Con ricorso promosso avanti la Suprema corte, il datore di lavoro impugnava la pronuncia di merito, lamentando – tra l'altro – la violazione e falsa applicazione dell'articolo 18, quarto comma dello statuto dei lavoratori, in quanto la condotta contestata al dipendente non risultava tipizzata nel contratto collettivo e, pertanto, non era espressamente previsto che la stessa dovesse essere punita con una mera sanzione conservativa.

La Cassazione, pur confermando l'illegittimità del licenziamento, nell'accogliere il motivo di ricorso di cui sopra, ha integralmente riformato le conclusioni cui erano giunti i giudici di merito, statuendo che – a seguito delle modifiche apportate dalla riforma Fornero alla norma statutaria - la tutela reale rappresenta un'eccezione alla regola generale costituita dalla tutela indennitaria.

Ebbene, proprio in relazione al principio generale secondo cui una norma che prevede un'eccezione deve essere interpretata restrittivamente, la Suprema corte ha precisato che il quarto comma trova applicazione nell'ipotesi in cui la fattispecie accertata sia specificamente contemplata dalle previsioni dei contratti collettivi o dai codici disciplinari applicabili, che ad essa facciano corrispondere una sanzione conservativa.

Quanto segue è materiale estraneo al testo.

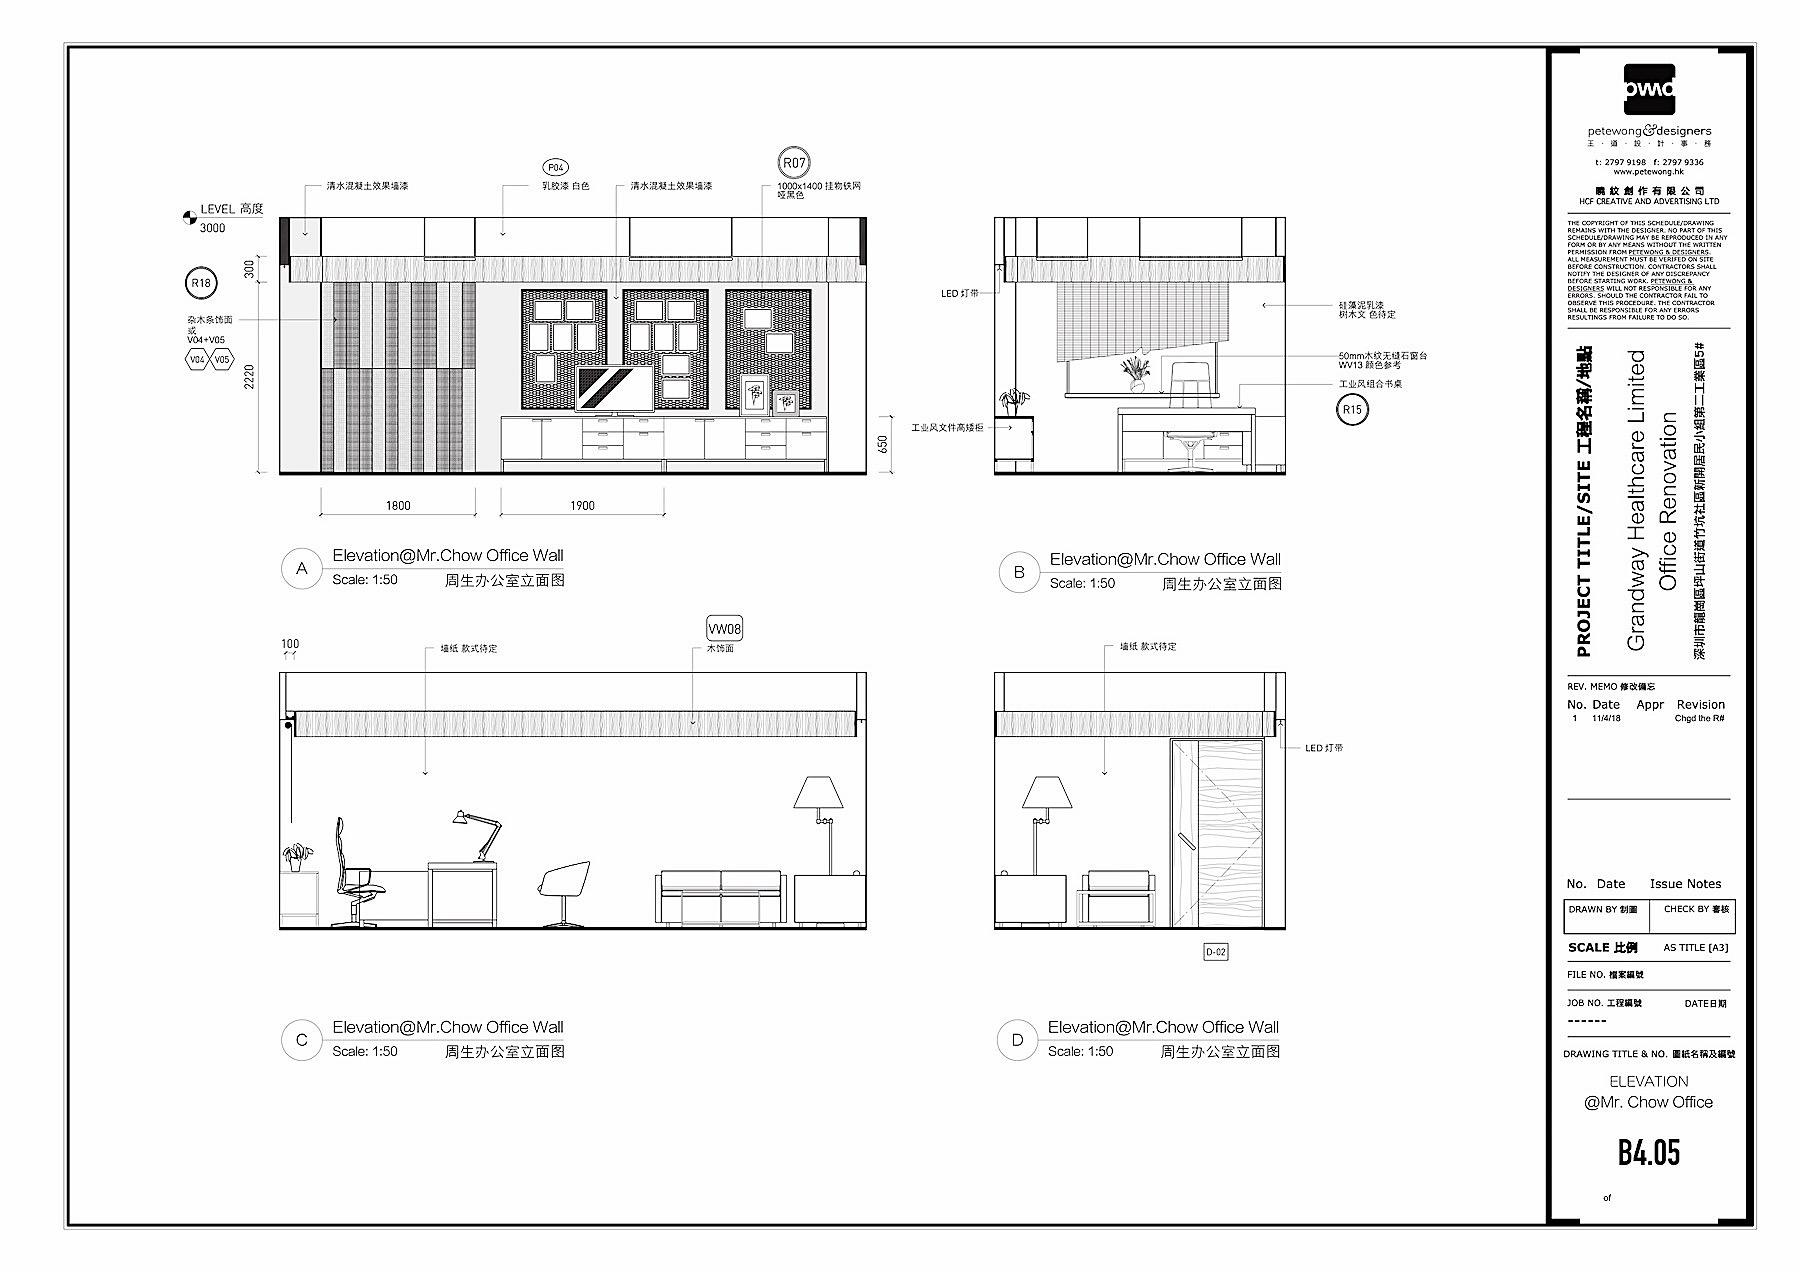 Grandway Office Renovation 2018 Drawing 13
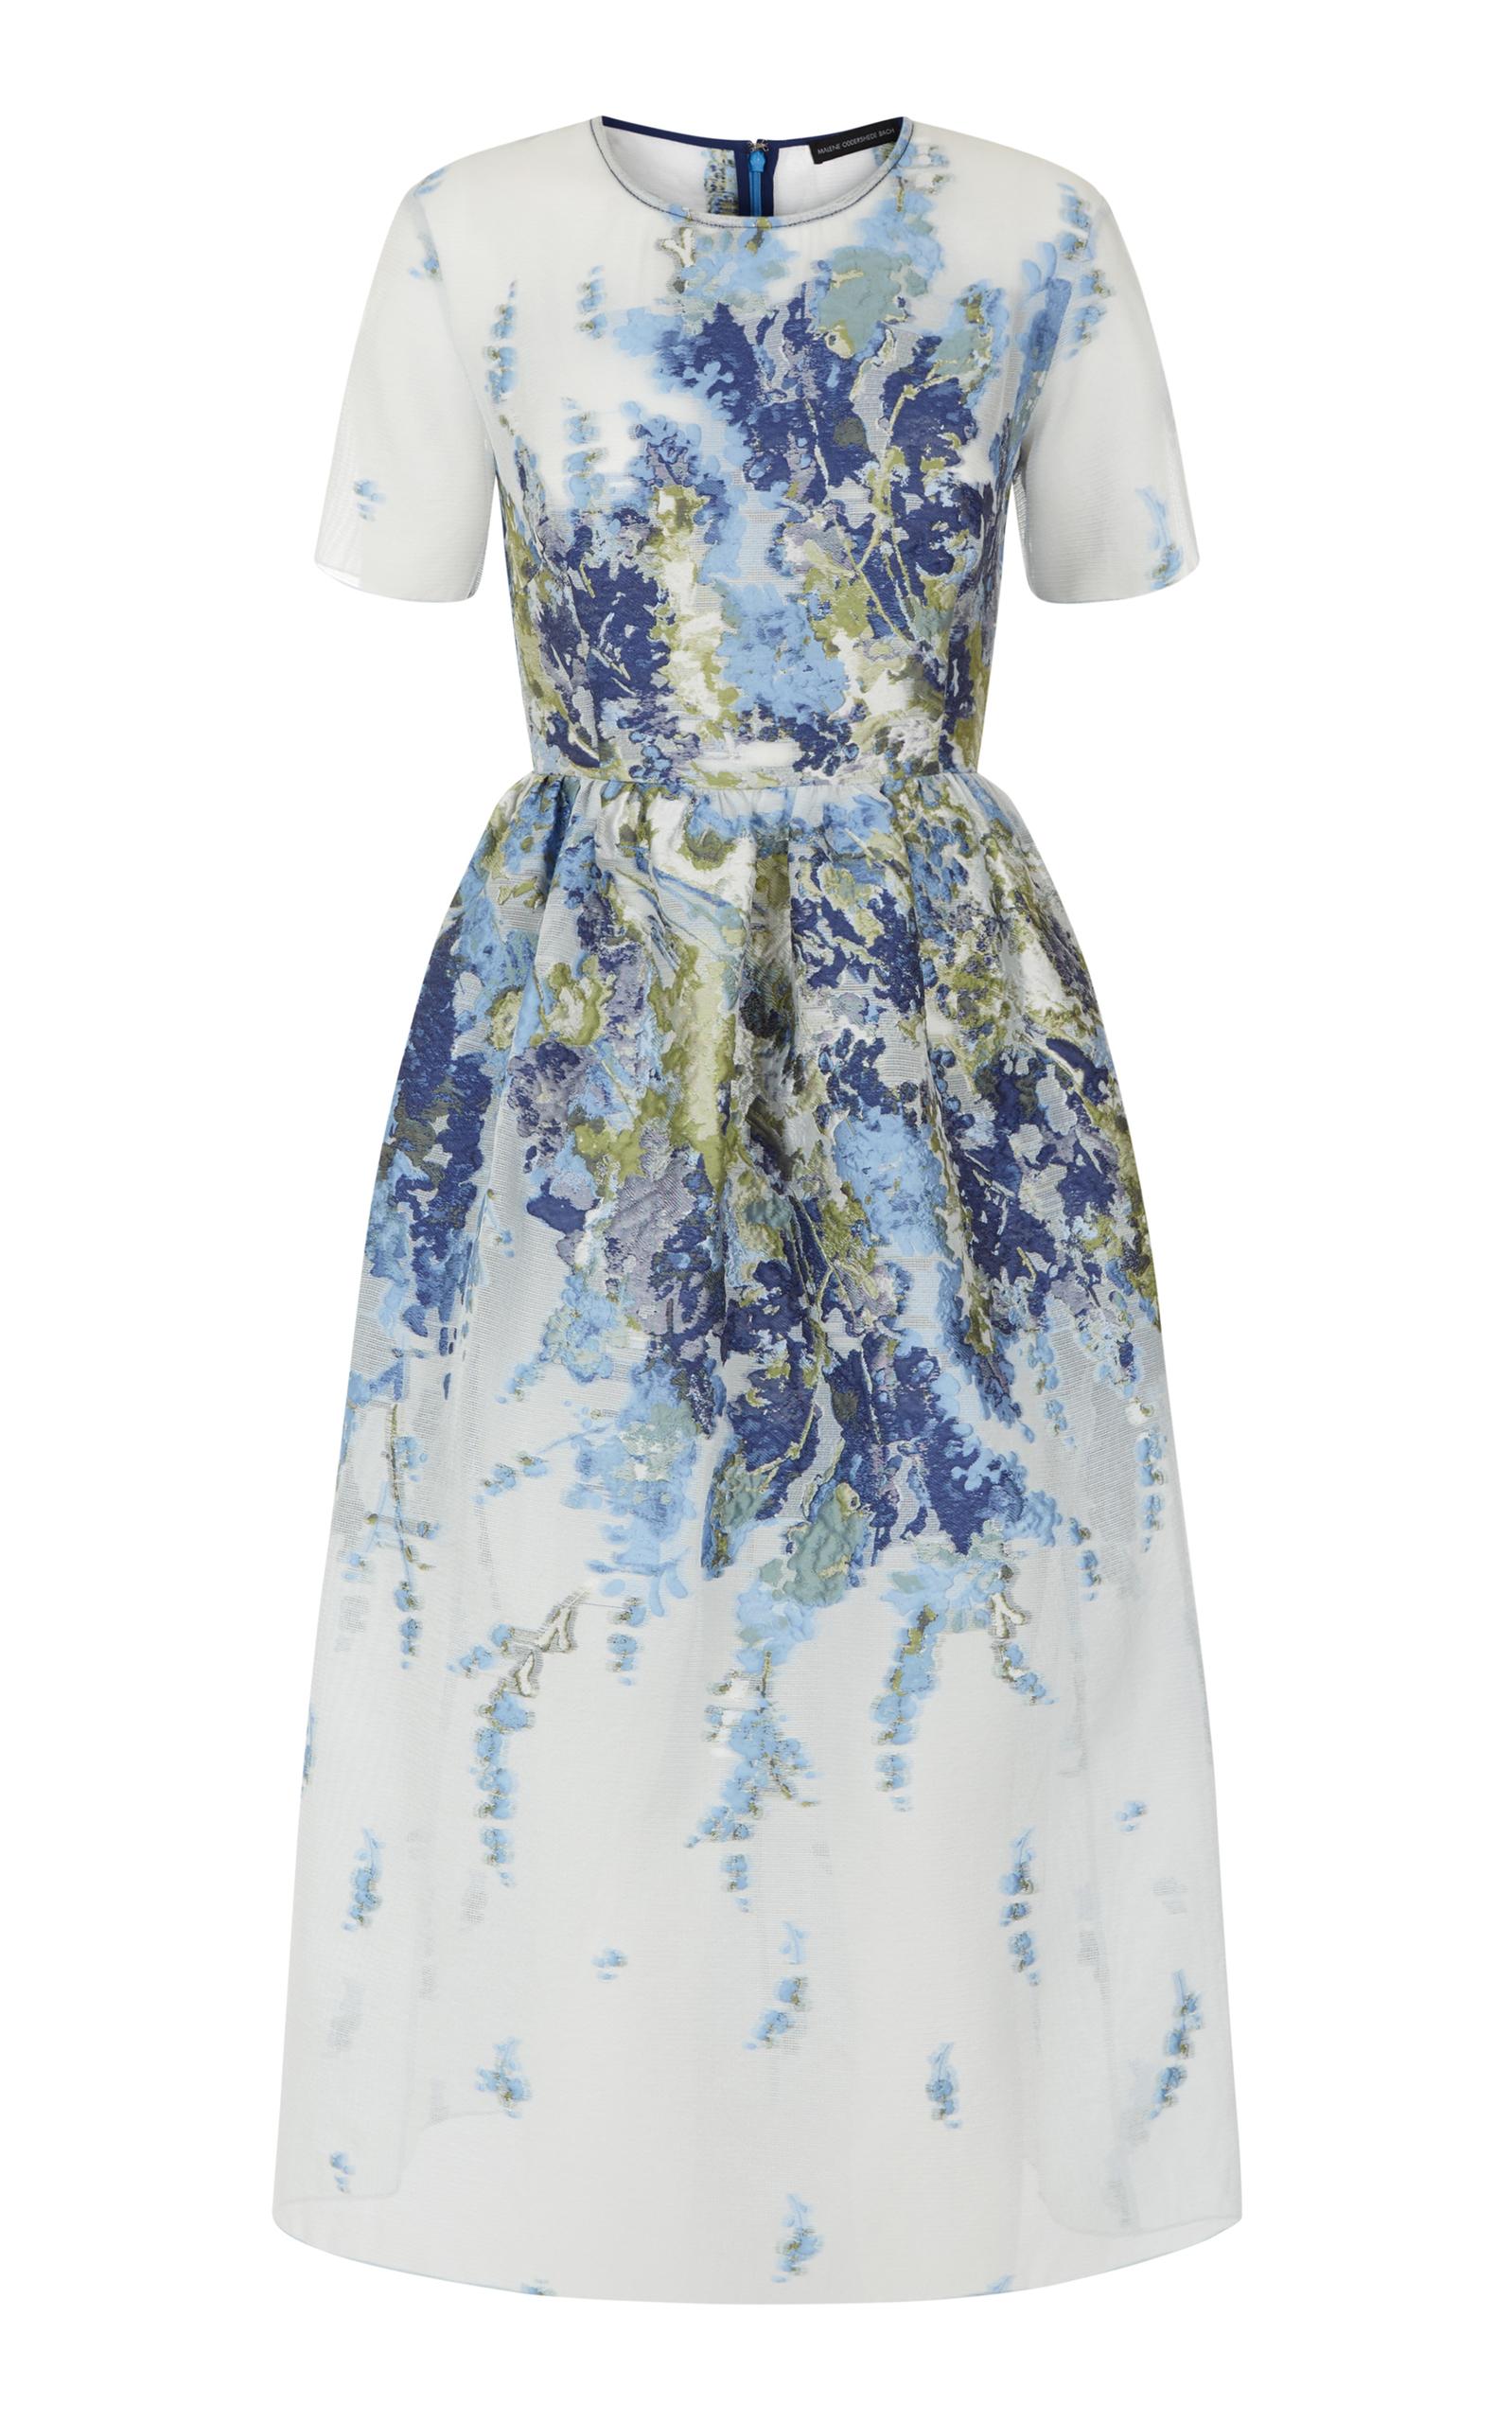 96294f5aa029 Haze Floral Midi Dress by Malene Oddershede Bach   Moda Operandi

Al di fuori di tale fattispecie, ove emergano profili di non proporzionalità tra condotta e sanzione che rendano illegittimo il licenziamento, occorrerà richiamare la tutela indennitaria "forte" per le "altre ipotesi".

La lettura che la Suprema corte ha fornito della norma statutaria risulta condivisibile e coerente con l'impianto sanzionatorio introdotto dalla novella del 2012: infatti, in base alla ratio della norma, la tutela reintegratoria presuppone «l'abuso consapevole del potere disciplinare, che implica, a sua volta, una sicura e chiaramente intellegibile coscienza preventiva da parte del datore di lavoro della illegittimità del provvedimento espulsivo».